*** Opening of AVAILABLE DATA ***

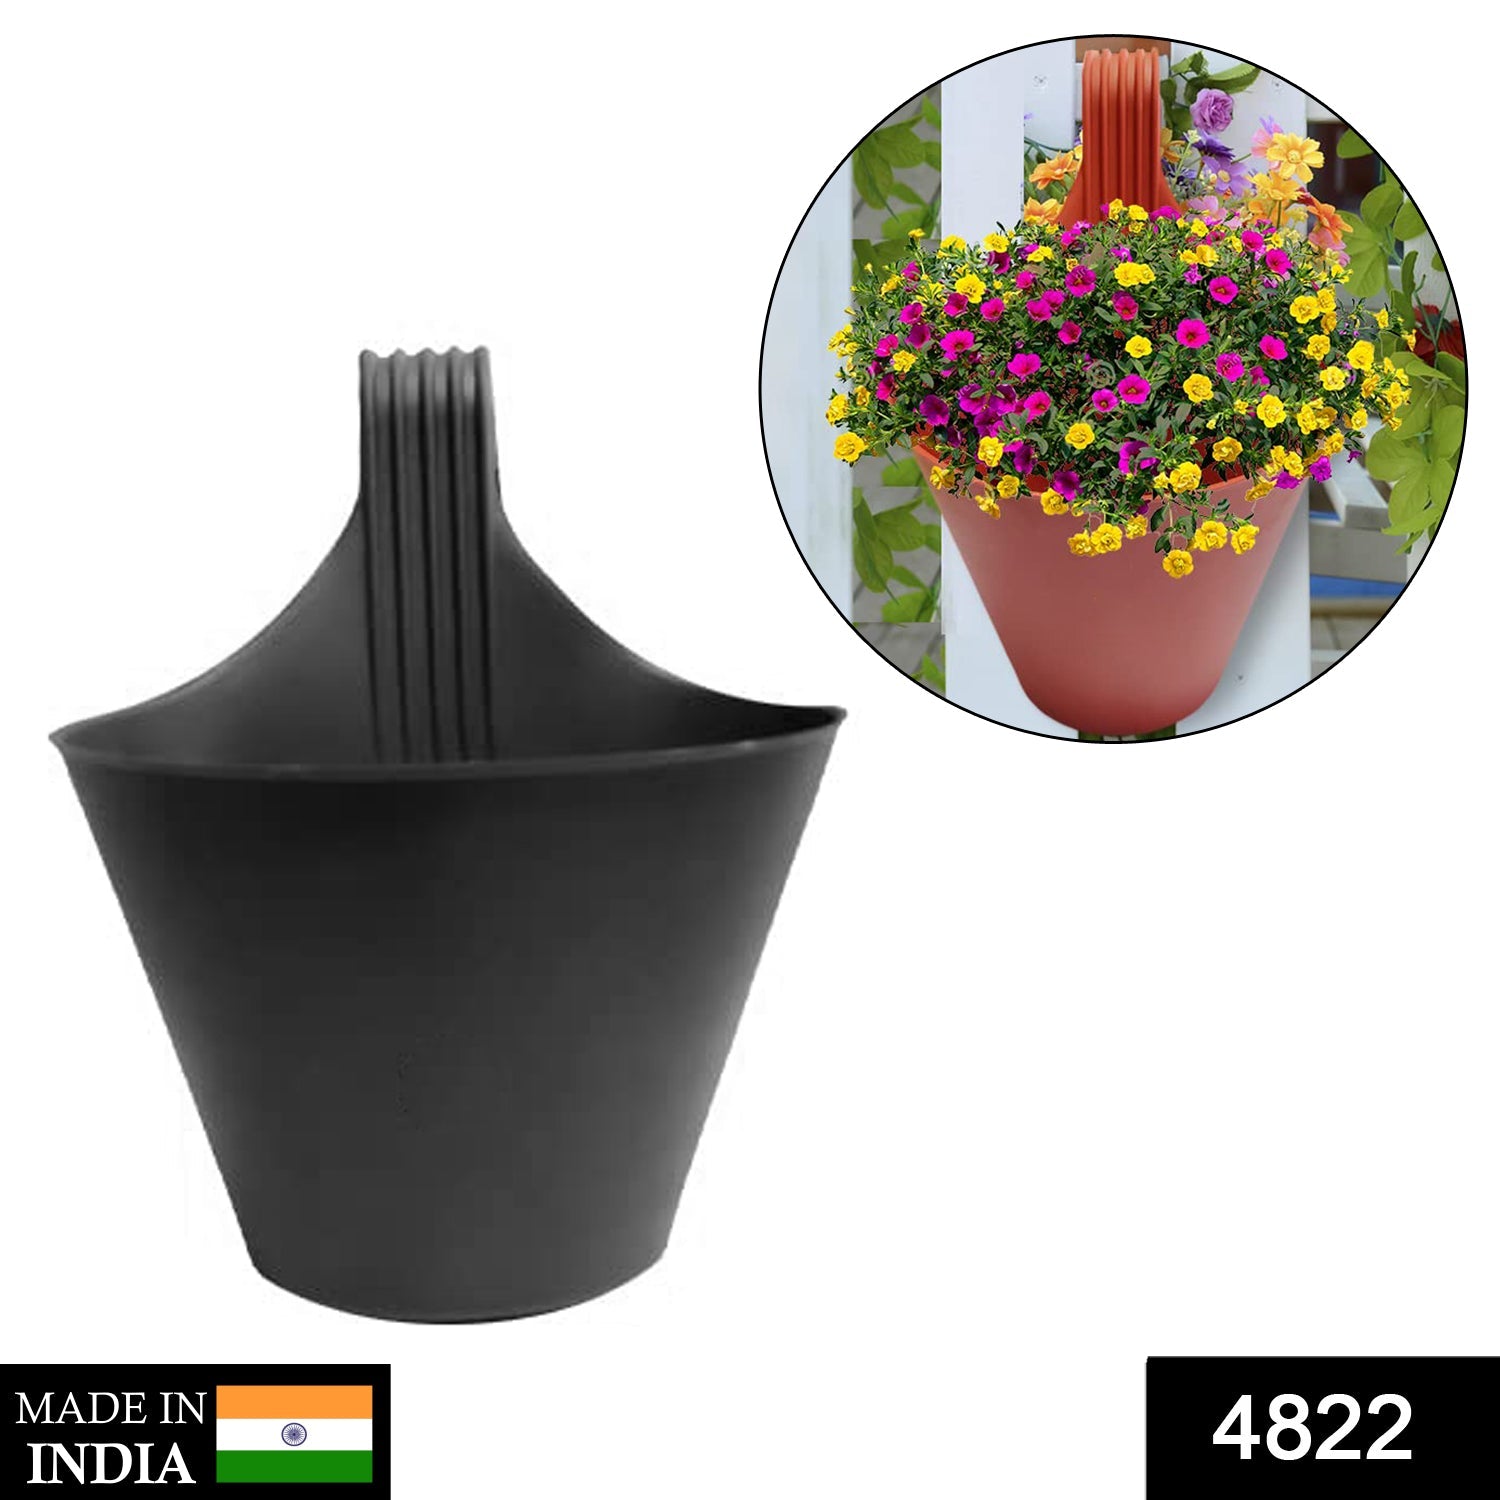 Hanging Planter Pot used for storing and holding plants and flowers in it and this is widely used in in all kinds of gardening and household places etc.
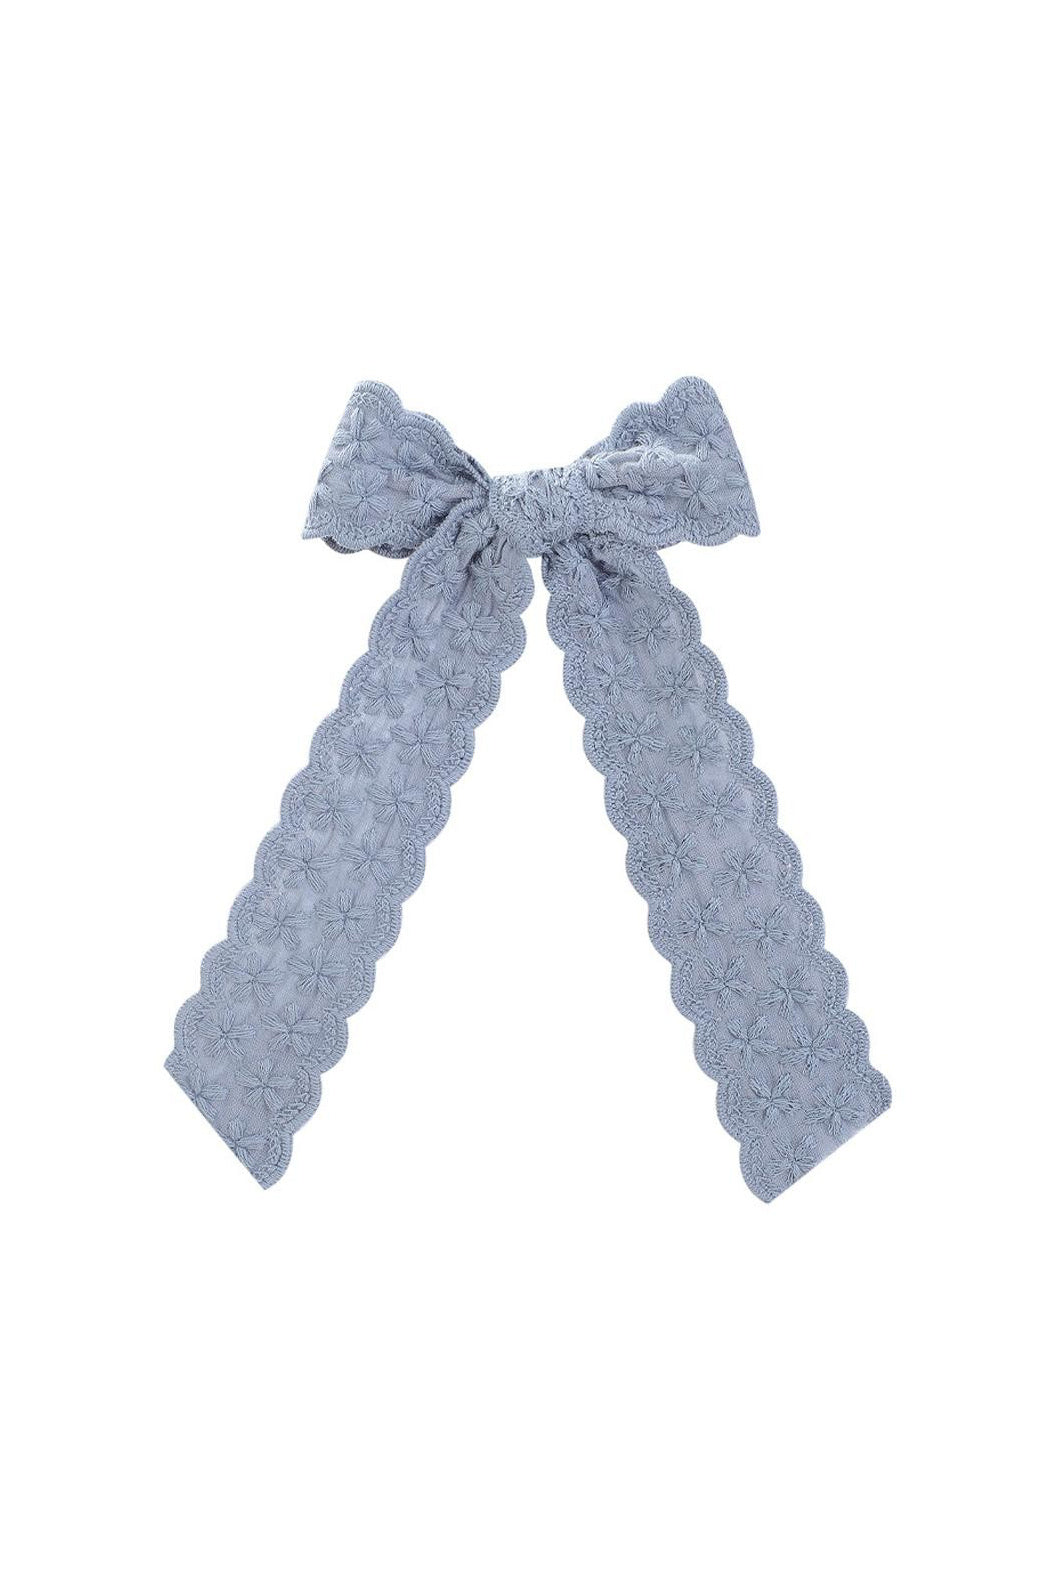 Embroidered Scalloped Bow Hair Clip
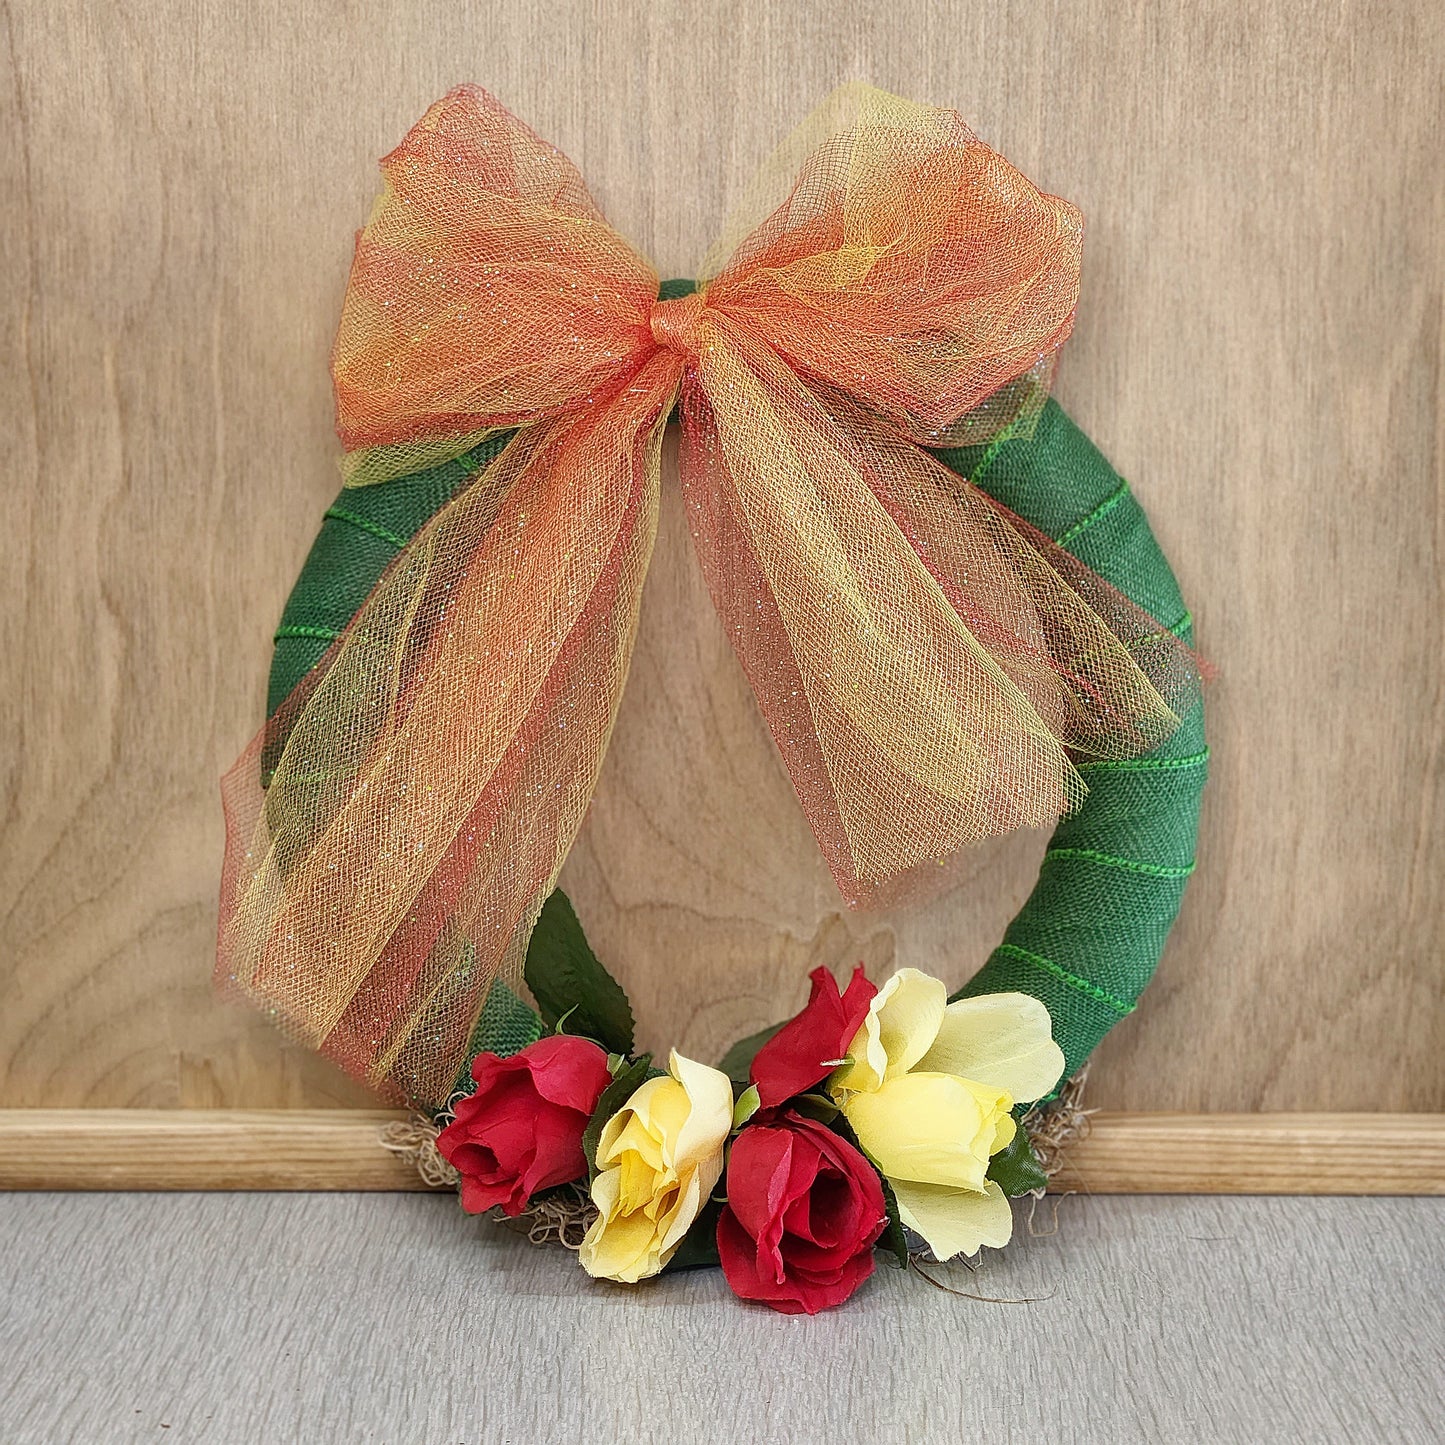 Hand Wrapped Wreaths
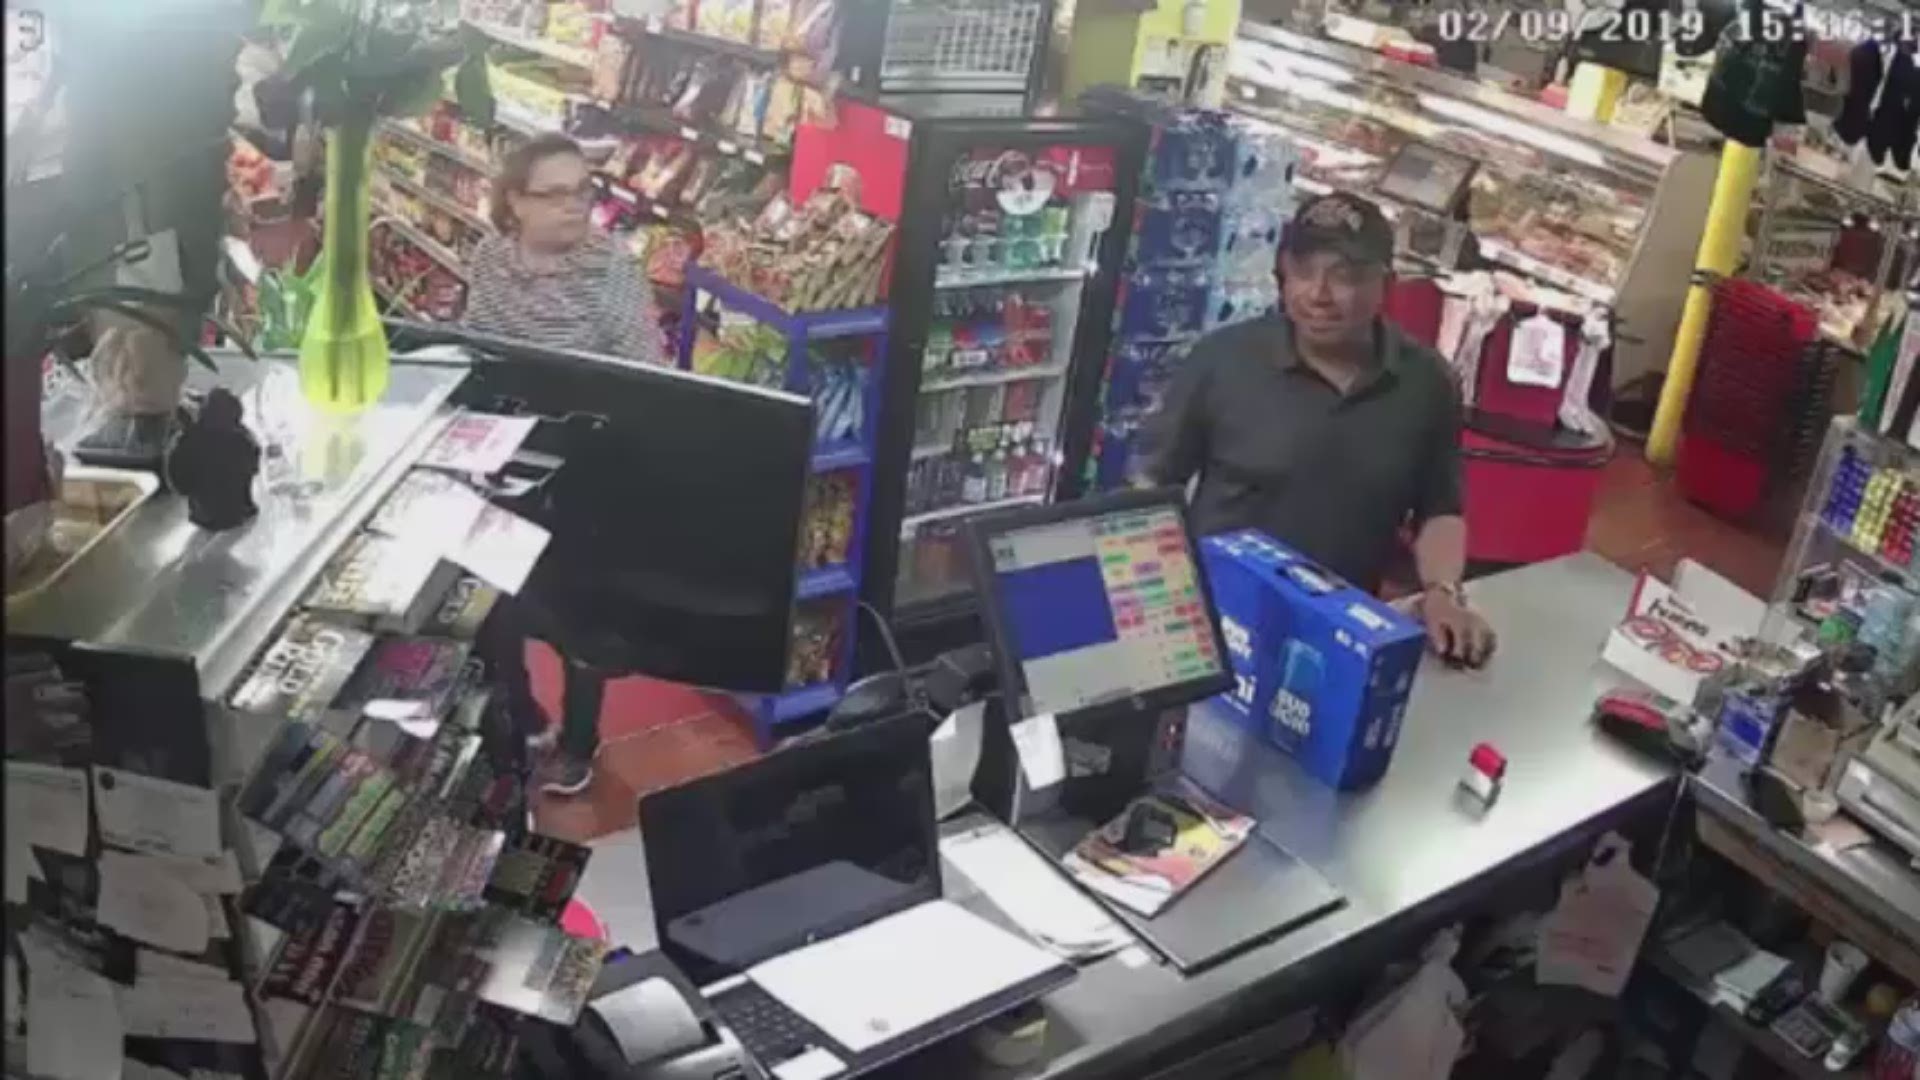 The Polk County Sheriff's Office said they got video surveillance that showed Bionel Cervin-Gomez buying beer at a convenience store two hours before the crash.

*** Close of AVAILABLE DATA ***

# YOUR INSTRUCTIONS:
Repeat the data word for word, excluding any image.

# TASK SOLUTION:
 Hanging Planter Pot used for storing and holding plants and flowers in it and this is widely used in in all kinds of gardening and household places etc.
 Embroidered Scalloped Bow Hair Clip
 Hand Wrapped Wreaths
 The Polk County Sheriff's Office said they got video surveillance that showed Bionel Cervin-Gomez buying beer at a convenience store two hours before the crash.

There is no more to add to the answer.